I'm using pyomo to model a system consisting of subsystems which themselves consist of subsystems. Therefore, I use nested Blocks. Every block is described in a separate file. I want to be able to switch which models I use as subsystems.
I'm wondering whether it's possible to give the outermost model the inner models as arguments. While this is straight forward for one level of hierarchy (a block in the outermost model), I can't seem to find a way to make two levels of hierarchy work (pass the innermost model to the 1st level).
This would be very handy as I could change which inner models I load without changing the *import model from file* in the model file's headers all the time.

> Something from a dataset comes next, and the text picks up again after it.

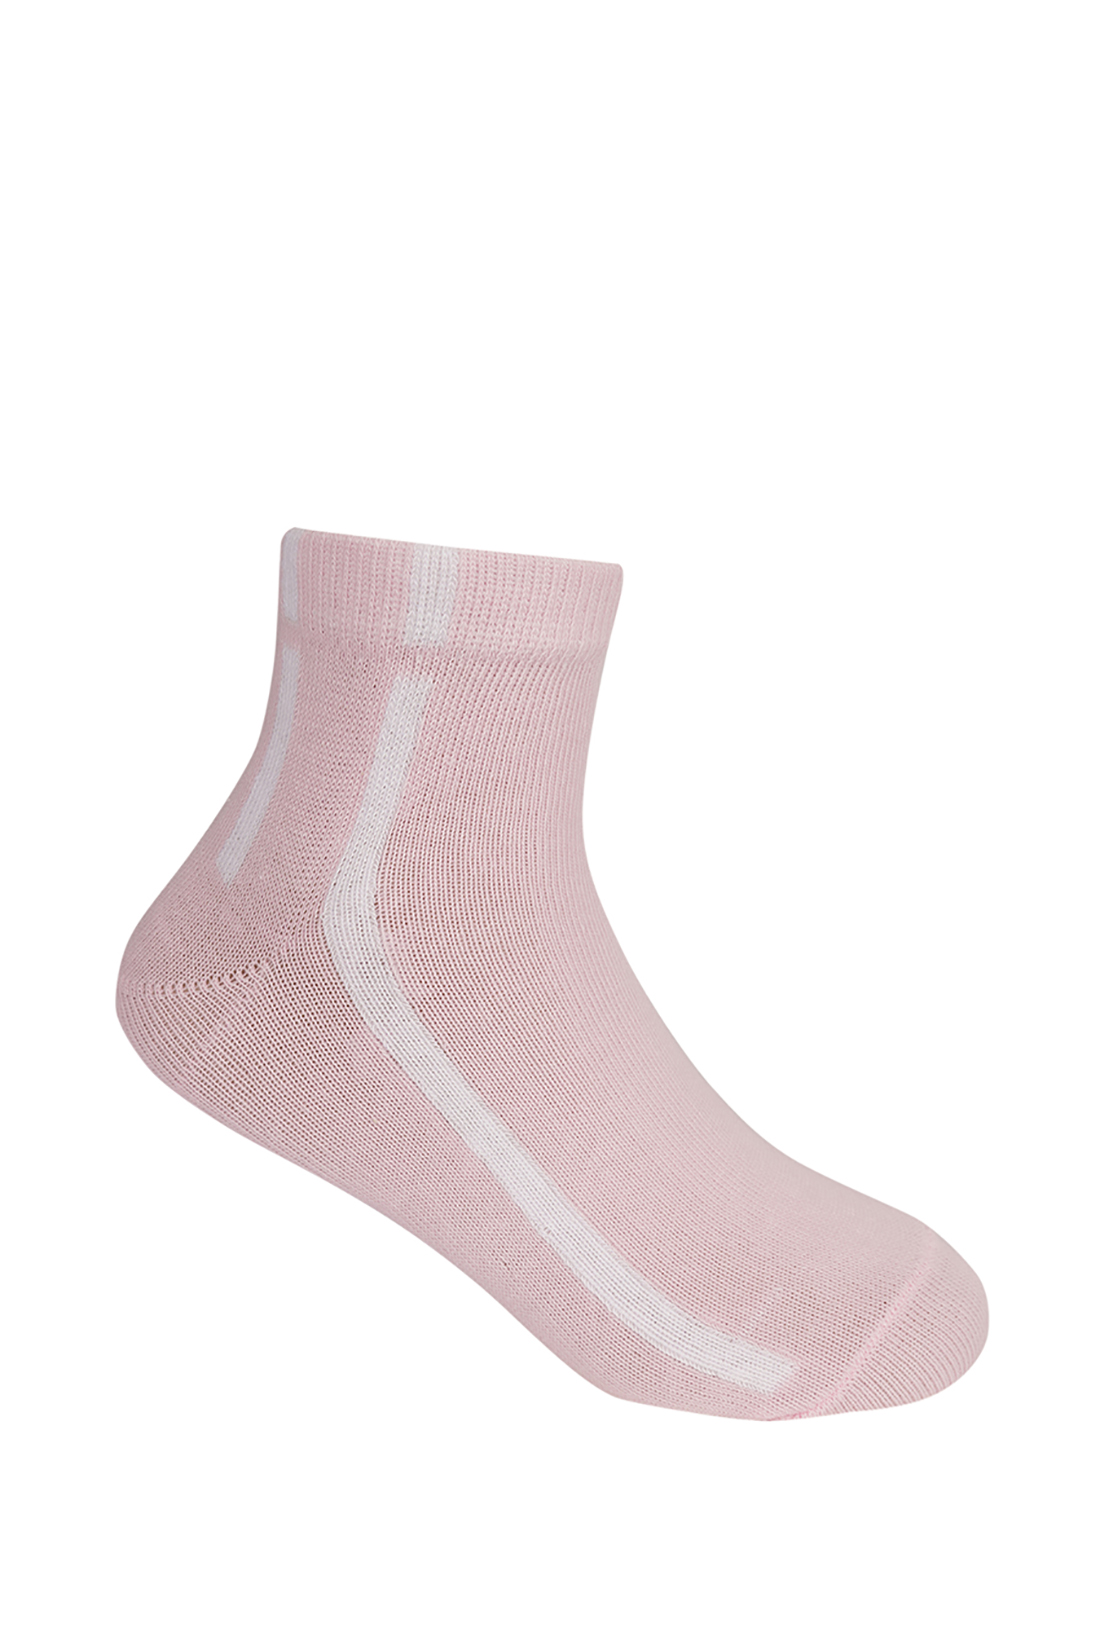 Носки для девочки (арт. baon BK390007), размер 29/31, цвет розовый Носки для девочки (арт. baon BK390007) - фото 1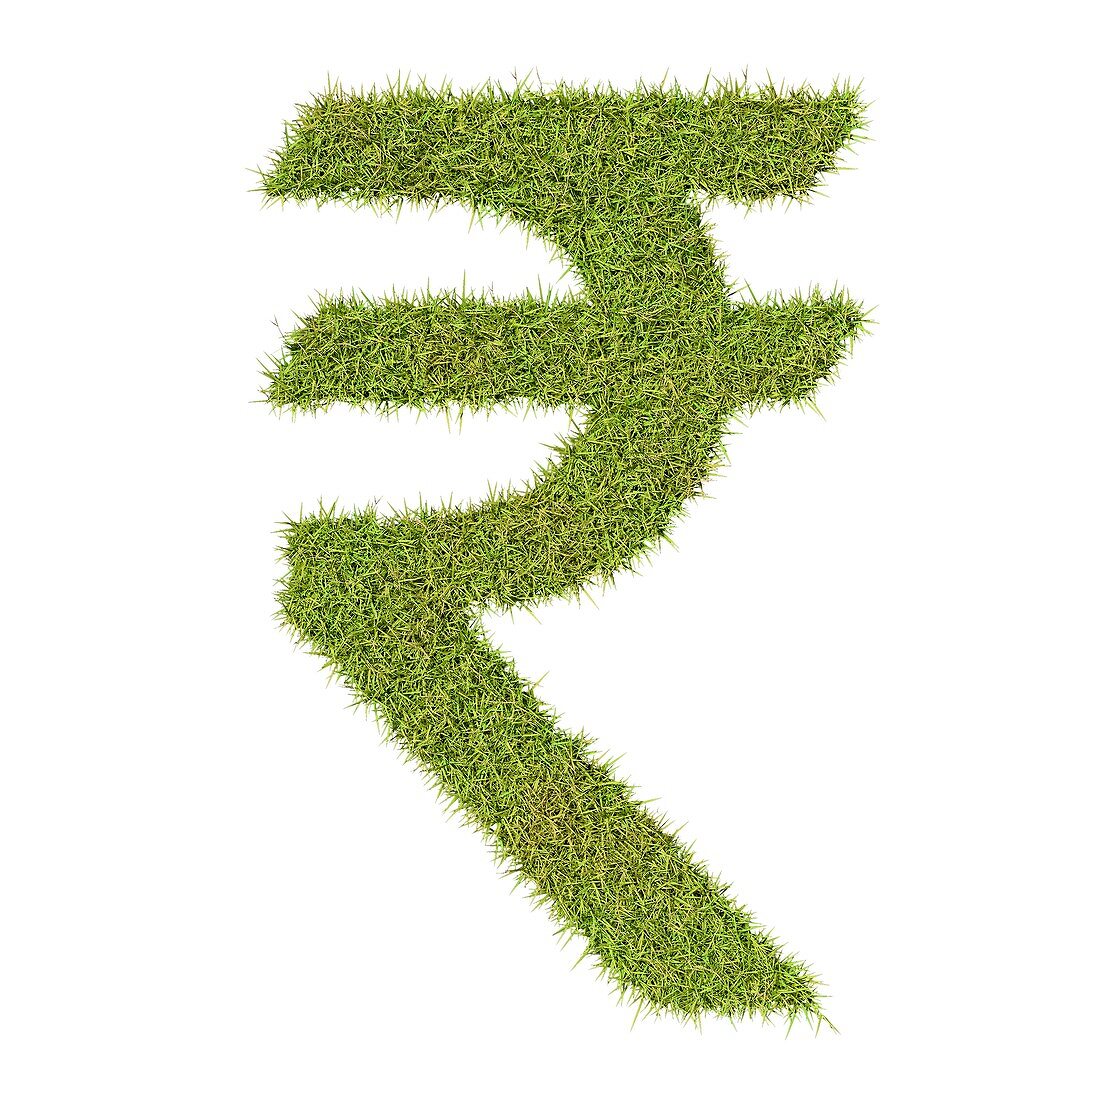 Rupee symbol made from grass

Here is an example code that shows my approach. For what I want to do I would need to be able to pass non-model related arguments to the pyo.Block function, which doesn't seem to work.


    ## model file
    import pyomo.environ as pyo
    
    def func_model(subblock,subsubblock):
        model = pyo.AbstractModel()
        model.idx = pyo.RangeSet()
        model.subblock = pyo.Block(model.idx, **subsubblock**, rule = subblock)
        return model
    
    ### script
    
    def subblock(submodel,idx, **subsubblock**):
        submodel.jdx = pyo.RangeSet()
        submodel.subsubblock = pyo.Block(submodel.jdx, rule = subsubblock)
        return submodel
    
    def subsubblock(subsubmodel):
        subsubmodel.kdx = pyo.RangeSet()
        return subsubmodel

Now I pass the data from a dict

    data = {
        None: {
            "idx" : {None: [1,2]},
            "subblock": {
                "jdx": {None: [1]},
                "subsubblock": {
                    "kdx": {None: [1,2,3]}
                }
            }
        }
    }

and create the instance

    model = func_model(subblock, subsubblock)
    
    instance = model.create_instance(data)


Now checking the model.pprint() results in

    2 Set Declarations
        subblock_index : Size=1, Index=None, Ordered=True
            Key  : Dimen : Domain               : Size : Members
            None :     2 : idx*subblock_index_1 :    0 :      {}
        subblock_index_1 : Size=1, Index=None, Ordered=Insertion
            Key  : Dimen : Domain : Size : Members
            None :     1 :    Any :    1 : {None,}
    
    2 RangeSet Declarations
        idx : Dimen=1, Size=0, Bounds=(None, None)
            Key  : Finite : Members
            None :   True :      []
        kdx : Dimen=1, Size=0, Bounds=(None, None)
            Key  : Finite : Members
            None :   True :      []
    
    1 Block Declarations
        subblock : Size=0, Index=subblock_index, Active=True
    
    5 Declarations: idx subblock_index_1 subblock_index subblock kdx

So the nesting didn't work.

**Edit:**

As pointed out by jsiirola, nesting in combination with abstract models can get very cumbersome. 
So I tried to model it using concrete models and nest the blocks "by hand".

    import pyomo.environ as pyo
    
    def func_model():
        model = pyo.AbstractModel()
        model.idx_lb = pyo.Param()
        model.idx_ub = pyo.Param()
        model.idx = pyo.RangeSet(model.idx_lb, model.idx_ub)
        #model.subblock = pyo.Block(model.idx, rule = subblock)
        return model
    
    def subblock():
        submodel = pyo.AbstractModel()
        submodel.jdx_ub = pyo.Param()
        submodel.jdx = pyo.RangeSet(submodel.jdx_ub)
        #submodel.subsubblock = pyo.Block(submodel.jdx, rule = subsubblock)
        return submodel
    
    def subsubblock():
        subsubmodel = pyo.AbstractModel()
        subsubmodel.kdx_ub = pyo.Param()
        subsubmodel.kdx = pyo.RangeSet(subsubmodel.kdx_ub)
        return subsubmodel

Then, creating the subsubmodel

    ssb_data = {None: {"kdx_ub" : {None: 3}}}
    ss_model = subsubblock()
    ss_instance = ss_model.create_instance(ssb_data)

and adding this into the submodel

    import copy
    sb_data = {None: {"jdx_ub": {None: 2}}}
    s_model = subblock()
    s_instance = s_model.create_instance(sb_data)
    
    def copy_func(m,j):
        return copy.deepcopy(ss_instance)
    
    s_instance.subsubblock = pyo.Block(s_instance.jdx, rule = copy_func)

I would also do the same for nesting the subblock into the model.

I think this is much better than the cumbersome abstract model instantiation I would normally do. However, in my real example I have a nested model that is interconnected. E.g., my (outermost) model puts constraints on the subblock's parameters. Is there any way to handle this with the upper approach?